So say your root chord is A dom7 (A - C# - E - G), and, for the sake of simplicity of illustration, your solo phrase is a A dom7 arpeggio, if you were to apply minor third modulation in its most rudimentary form here, you'd be playing C - E - G - Bb, or a C dom7 arpeggio, creating that dissonant substitution sound that will sound great if used appropriately and in the right context. After hitting the last note of the C dom7th arpeggio - Bb, you could slide down a semitone back to A, which is the root note of the backing A dom7 chord, and continue an A dom7 arpeggio from there, thus resolving the harmonic tension created by the minor third substitution and making the entire phrase sound complete and resolved.

This is the most rudimentary example conceivable, and probably doesn't do enough justice to the concept, though.


----------



## Konfyouzd (Aug 18, 2009)

now that sounds like what i said the first time.


----------



## lnname (Aug 18, 2009)

oh cool! i'm sorry if i was konfyousing you! the irony ie that your question and my answer have helped me rather than you

now i _really _ want to hear this piece


----------



## TheSyncopath (Aug 18, 2009)

^ Try the basic example I described and play around with it for some time, until you get the idea under your fingers. That should clear the Konfyouzion.


----------



## Konfyouzd (Aug 18, 2009)

ha i shall. i hate the fact that i have to be at work. i always hang out on here and learn some cool shit that i can't immediately apply. makes it very difficult to concentrate here.


----------



## TheSyncopath (Aug 18, 2009)

lnname, I haven't recorded the piece I was talking about earlier yet, but I've still got the riffs floating about in my head, so when I get the time, I'll turn them into a proper composition and upload it. Till then, play around with the example and see what you come up with!

@ Konfyouzd: You don't need a guitar for this! Just hum out the arpeggio for the backing chord several times out loud until it establishes its tonal center, and then hum out the ideas and it should work. Or maybe not. Lol.


----------



## Mr. Big Noodles (Aug 18, 2009)

Since you were talking about modulation, I'll give my input. There's a few ways to modulate. Here are the methods I've learned:

&#8226; *Direct modulation*, which is simply going to the new key without preparation. This is sometimes called phrase modulation, because it is common to have a phrase in one key, and have the next in a new key.

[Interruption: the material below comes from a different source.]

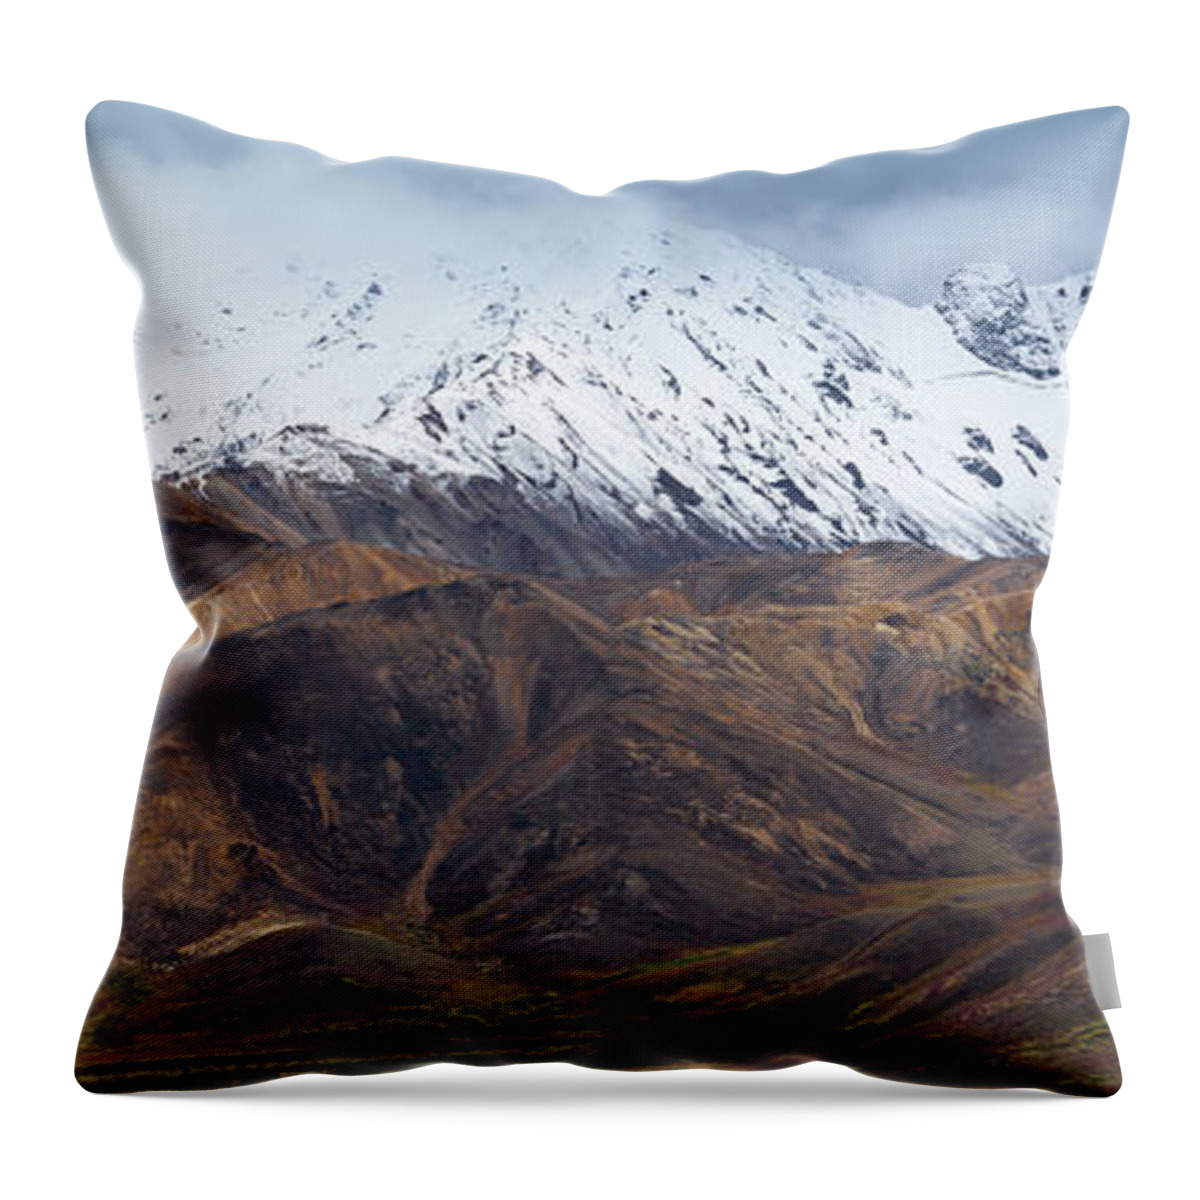 Polychrome Throw Pillow featuring the photograph Polychrome Mountains II by Scott Slone

&#8226; *Common chord modulation*, which involves two keys which share chords. Take C and D, for example.
C major: C Dm Em F G Am B°
D major: D Em F#m G A Bm C#°
Between these two keys, the common chords are Em and G. The idea is to write a progression in one key, and when the chord you want to use to modulate pops up, you finish the progression in the new key. For example:
C G7 C Dm G A7 D

The common chords are called "pivot chords", because they act as a pivot point between the two keys. I can't do the fancy bracket for analysis of the modulation, but the progression in C is I V7 I ii V, and the G is also the IV in the key of D, so, from G, it's D: IV V7 I. This is the best mockup I can do, notice that V from C and IV from D line up, as they are the same chord:
I V7 I ii V
____D: IV V7 I


--------

Before I go on to the next one, I'm going to talk about *secondary functions*. Big word, I know, but it's really pretty easy. The idea is to take a normal progression, say ii V7 I (or Dm G7 C in the key of C), and extend the it by inserting chords that act like each chord belongs to a new key. Thus, if we take our ii V7 I, and act like ii (Dm) is its own key, we can have something like V7/ii ii V7 I (A7 Dm G7 C). V7/ii is pronounced "five-seven of two". This can be repeated again on the V chord, so our progression looks like V7/ii ii V7/V V7 I (A7 Dm D7 G7 C). In classical music, this is most frequently practiced with dominant chords and diminished chords, but there are examples in jazz where ii V I progressions are used as secondary functions, as such:
iiø7/ii V7/ii ii V7 I.

--------


&#8226; *Altered chord modulation*, or *chromatic modulation*, chromatically alters the harmony of one key to cadence into another. This is most frequently and most convincingly done by making the altered chord a dominant seventh or fully diminished chord.
C Dm G7 C C7 Fm Bbm C7 Fm

In these modulations, the altered chord is analyzed as a secondary function in the original key.
I ii V7 I V7/IV
_____Fm: V7 i iv V7 i



&#8226; *Sequential modulations* aren't so much harmonic as they are melodic. They use motivic unity to create a flow, and can happen quite rapidly. If we take a I IV I V I progression and create a sequence from it, it might look something like this:
G C G D G F Bb F C F Eb Ab Eb Bb Eb
It's the same progression, but descending by major seconds.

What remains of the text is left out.